Dr Malcolm Allbrook

BA Hons (1977) University of Western Australia PhD (2008) Griffith University
Managing Editor, Australian Dictionary of Biography, National Centre of Biography, School of History, Research School of Social Sciences.
ANU College of Arts and Social Sciences
T: 02 6125 4455

Research interests

Malcolm Allbrook’s research interests include:

Australian history

Colonial and transnational histories in the Indian Ocean region, the formal and informal networks connecting individuals and families around the oceanic sphere, and the diverse contexts in which they functioned and were sustained;

Indigenous histories, including collaborative ways to research and present community histories using voice, sound, photographic and filmic imagery.

Biography and life writing, particularly of those less visible in national and landscape narratives, and the use of the range of documentary source materials, including letters and journals, paintings and photographs, and oral histories.

Landscape history and the deep past, particularly issues connected with biography and life writing of ancient lives.


Malcolm Allbrook is Managing Editor with the Australian Dictionary of Biography and a Research Fellow in the National Centre of Biography. He joined the NCB in 2014 after working as a Research Associate in the School of History at the ANU between 2011 and 2014. His first degree was in Classics and Ancient History, followed by employment in the public sector in Western Australia and then senior research and management positions with Aboriginal organizations, firstly the Kimberley Land Council in Derby (1993 – 1998) and then the Yamatji Marlpa Land and Sea Council, the native title representative body for the Murchison, Gascoyne and Pilbara regions.

He completed a PhD at Griffith University in 2009 with a thesis ‘Imperial Family: the Prinseps, Empire and Colonial Government in India and Australia’ which was published as Henry Prinsep's Empire: Framing a Distant Colony by ANU Press in 2014. Before joining the ANU, he worked as a historian and exhibition curator, chiefly with Aboriginal organizations throughout Western Australia.

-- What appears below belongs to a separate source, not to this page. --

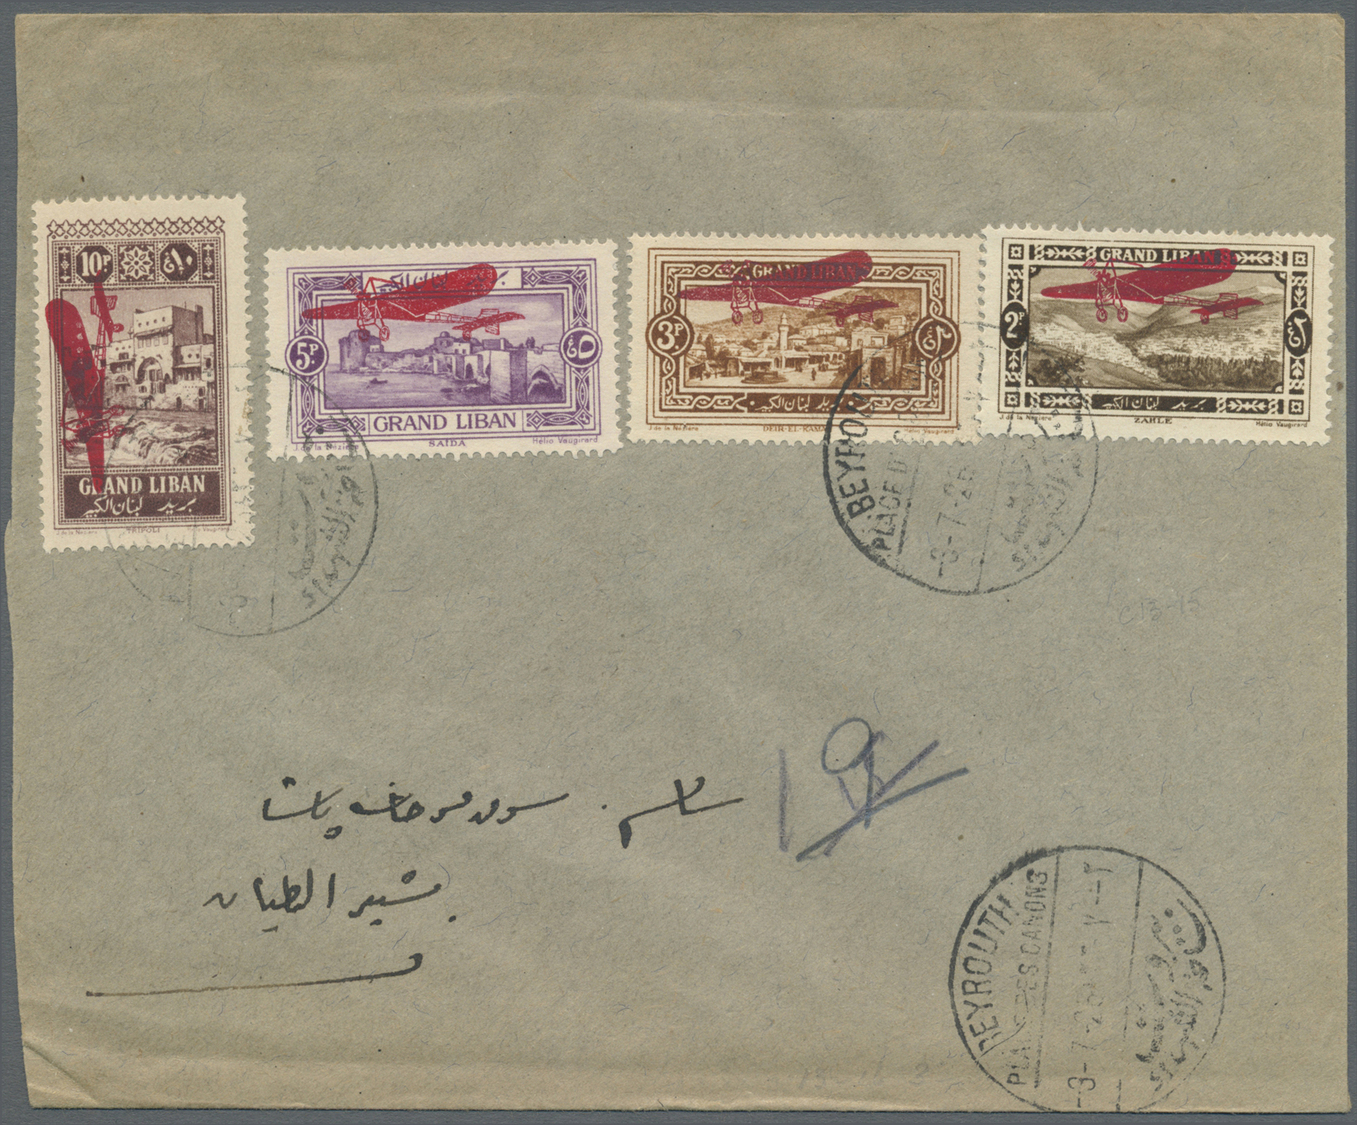 Br Libanon: 1926, Airmails, Red "Plane" Overprint, Complete Set Of Four Values, Attractive Franking On Cover From "BEYRO - Liban

In 2013, with the Kimberley Aboriginal elder John Darraga Watson, he published Never Stand Still: Life, land and politics in the Kimberley. He was part of a team that curated ‘Burlganya Wanggaya’, an exhibition of Aboriginal history and culture in Carnarvon, Western Australia, which was awarded the MAGNA award for best permanent exhibition in 2012. in 2017 he co-authored a collaborative community history of the Worrorra people of the Dambimangari native title lands: Barddabardda Wodjenangorddee: The creation, history and people of Dambeemahgaddee country (Fremantle Press, 2017). The same year, with Mary Anne Jebb, he published Carlotta's Perth: Memories of a Colonial Childhood (City of Perth, 2017). He is also the author of numerous articles and ADB biographies, notably of the former governor-general and cabinet minister Sir Paul Hasluck, and the historian and writer Dame Mary Durack.

Researcher's projects

Malcolm Allbrook is currently engaged on a number of research and writing projects:

He is a chief investigator on the ARC Indigenous Discovery project 'An Indigenous Australian Dictionary of Biography.' The project, which will publish 190 new biographies of Aboriginal and Torres Strait Islander people, and explore new biographical methodologies, started in 2017 and will run until 2020. An international conference, 'Reframing Indigenous Biography' will take place at the ANU in November 2018.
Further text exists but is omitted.